New rules examine who’s an independent contractor

July 27, 2015

If given the option, many employers would choose to classify workers as “independent contractors” instead of employees. Under this arrangement, workers are contractually bound to perform services for the employer in exchange for an agreed-upon rate, but the workers are not eligible for worker’s compensation, unemployment, protections from discrimination laws, overtime pay or minimum wage. The employer need not pay the FICA taxes, and workers receive a Form 1099 at the end of the year.

Companies like Uber have recently come under scrutiny for promoting what has been called the “Gig Economy,” testing the limits to avoid hiring employees.

But the “gig” appears to be up in light of the interpretation published by the Department of Labor this month addressing the misapplication of employees as independent contractors. The DOL states, “In sum, most workers are employees under the FLSA’s broad definitions.” This means that most employers with workers who are classified as independent contractors are probably violating the law and, given the DOL’s initiatives in this area, they are about to be caught.

Its conclusion rests not on the issue of “control” over the worker, as has long been the analysis, but the “economic realities” that focus on whether the worker is economically dependent on the employer or in business for him- or herself. The Labor Department identifies several factors for employers to consider in evaluating whether an individual can be classified as an independent contractor.

These include:

Is the work an integral part of the employer’s business? The department uses the example that for a construction company, a carpenter is integral to the business, whereas a software developer creating a website isn’t. The carpenter must be classified as an employee; the software developer can be an independent contractor.

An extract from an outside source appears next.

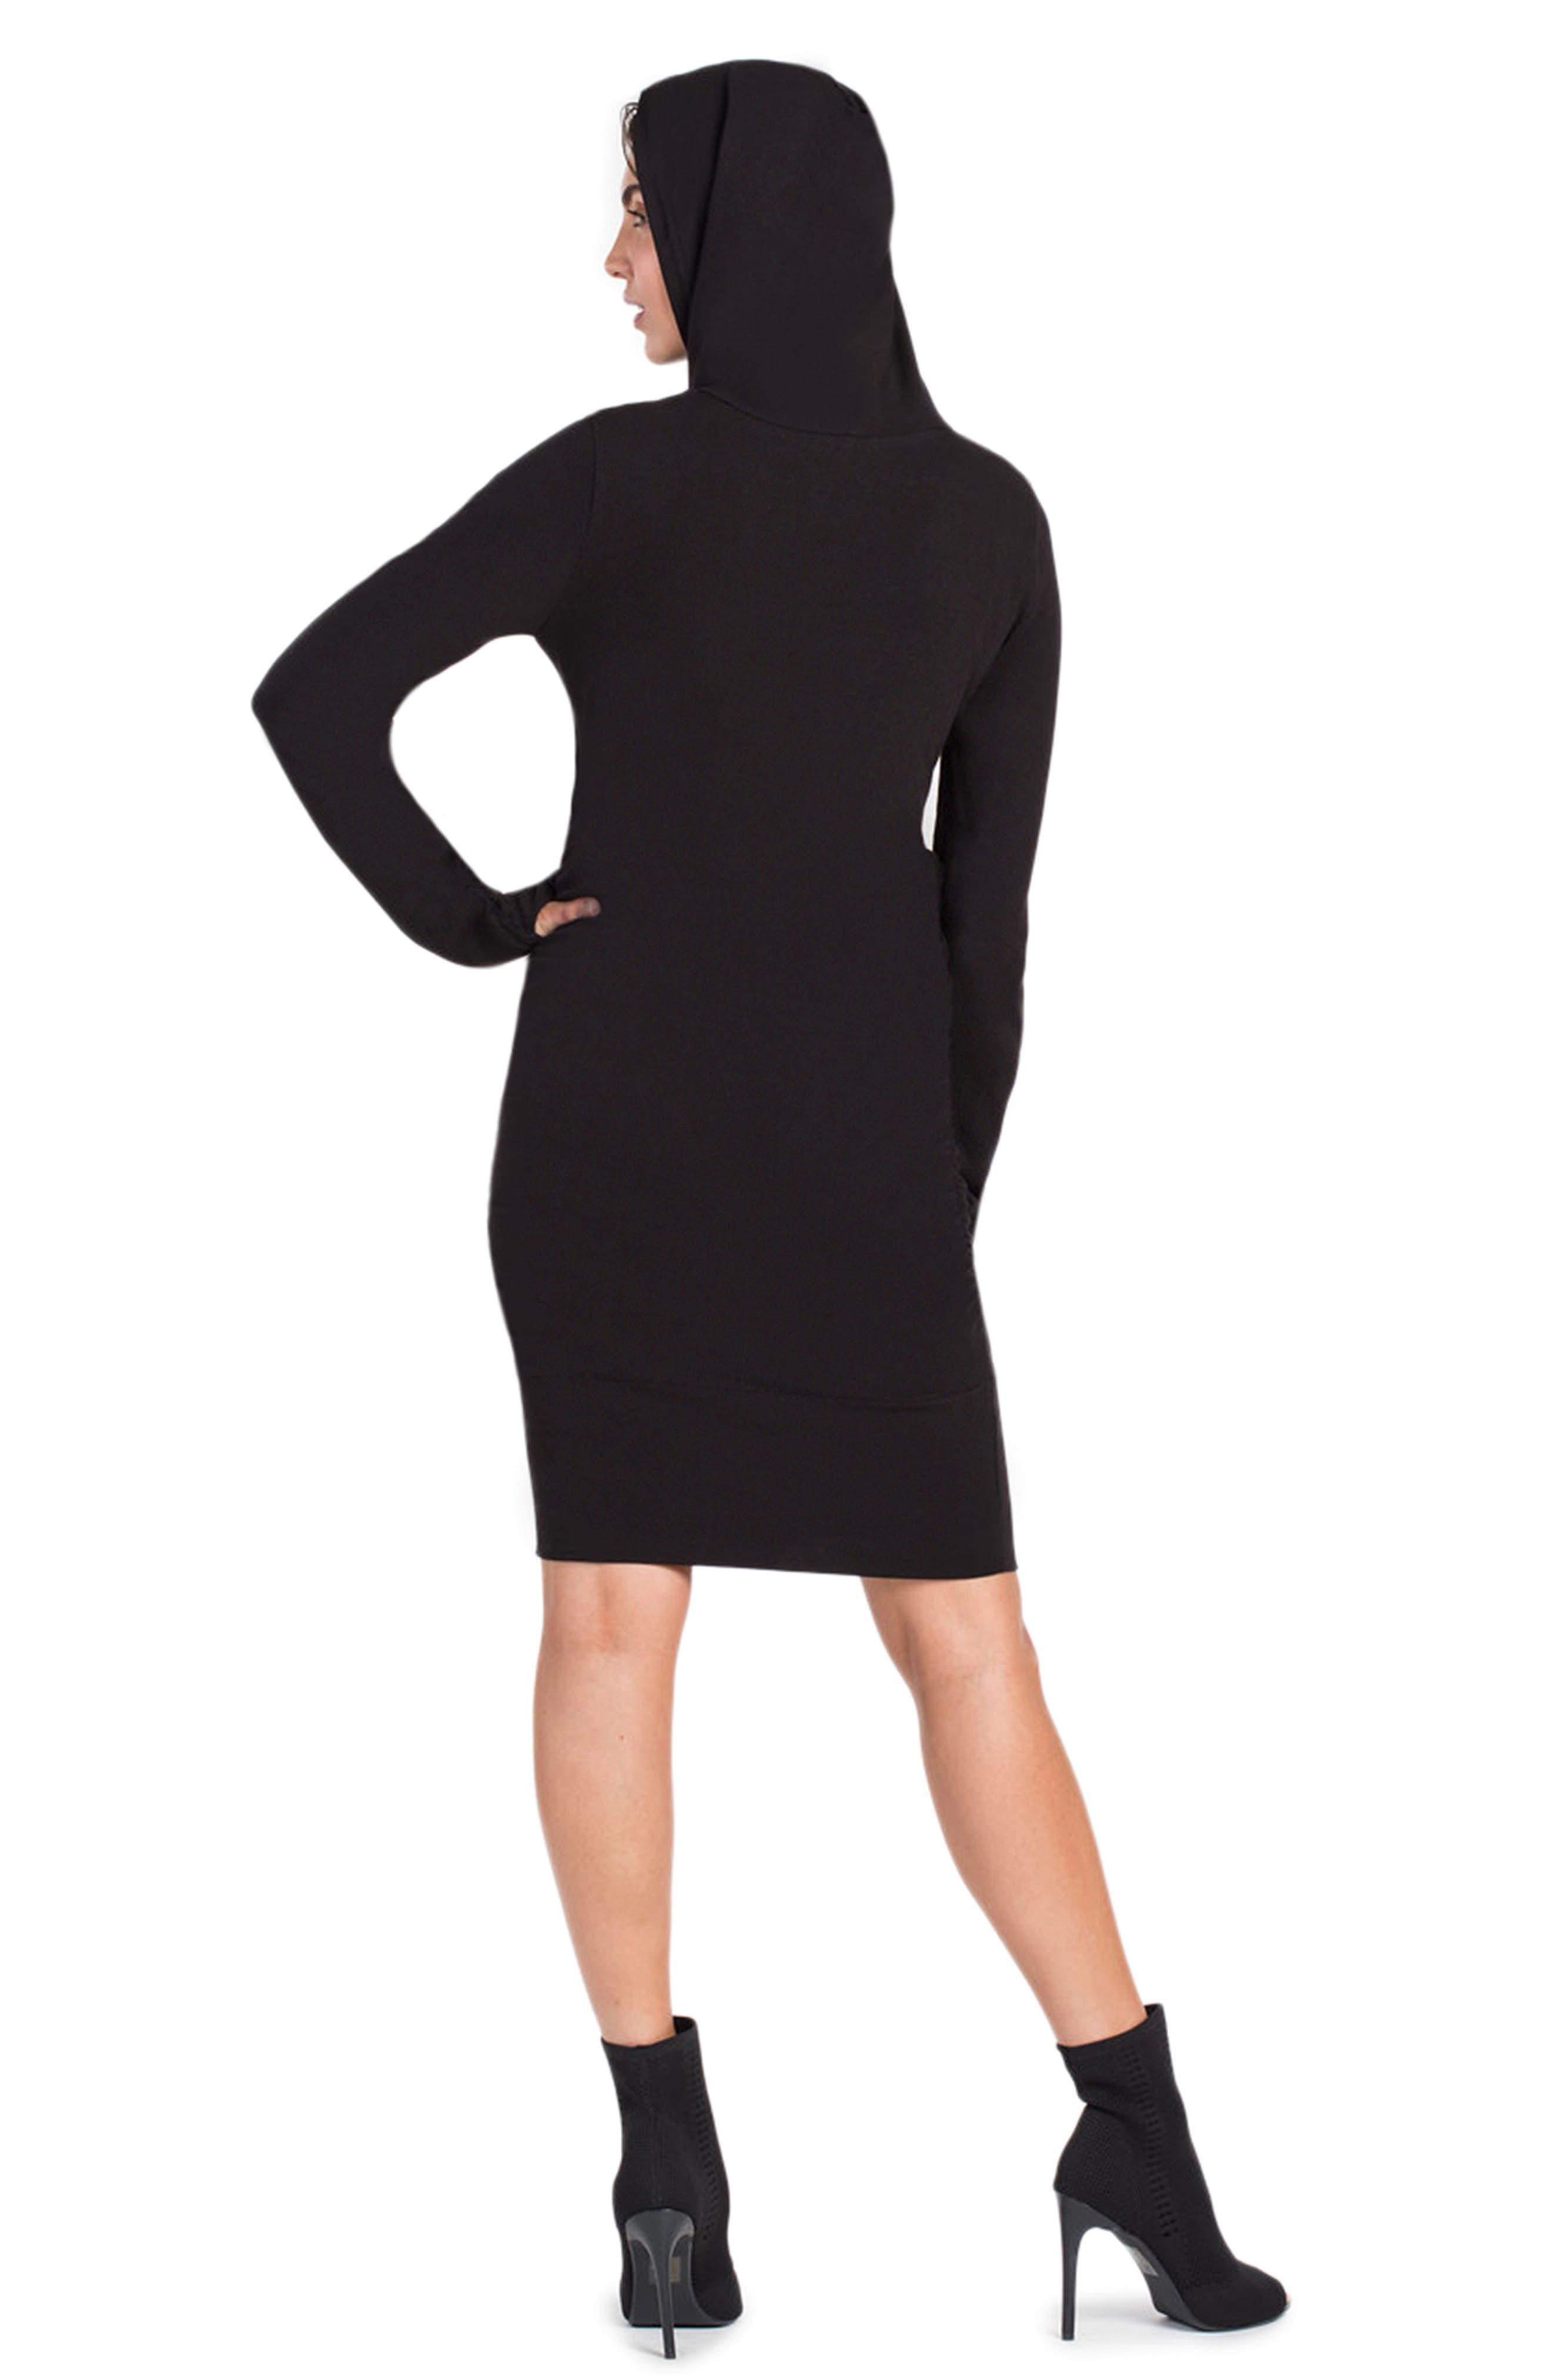 Stella Hoodie Maternity/Nursing Dress,                             Alternate thumbnail 2, color,                             BLACK

Does the worker’s managerial skill affect the worker’s opportunity for profit or loss? The focus here is whether the worker’s managerial skill can affect the worker’s profit or loss, as opposed to whether profit or loss is dependent largely on more hours from the employer or more work — in other words, whether the worker independently will advertise, invest in her own business and grow the business based on her managerial skills? If so, then the worker has a business outside of the work she does for the employer.

How does the worker’s relative investment compare to the employer’s investment? The Labor Department states, “The worker should make some investment (and therefore undertake at least some risk for a loss) in order for there to be an indication that he or she is an independent business. An independent contractor typically makes investments that support a business as a business beyond any particular job.” The DOL rejects that all investments qualify and uses the example that a worker who brings his own tools might not be enough of a relative investment to the machinery used at the company.

Does the work performed require special skill and initiative? The department says, “A worker’s business skills, judgment and initiative, not his or her technical skills, will aid in determining whether the worker is economically independent.”

Is the relationship between the worker and the employer permanent or indefinite? The department says “Permanency or indefiniteness in the worker’s relationship with the employer suggests that the worker is an employee. After all, a worker who is truly in business for him- or herself will eschew a permanent or indefinite relationship with an employer and the dependence that comes with such permanence or indefiniteness.”

What is the nature and degree of the employer’s control? While the economic realities test is the main factor to consider over “control,” the department adds, “The worker must control meaningful aspects of the work performed such that it is possible to view the worker as a person conducting his or her own business.”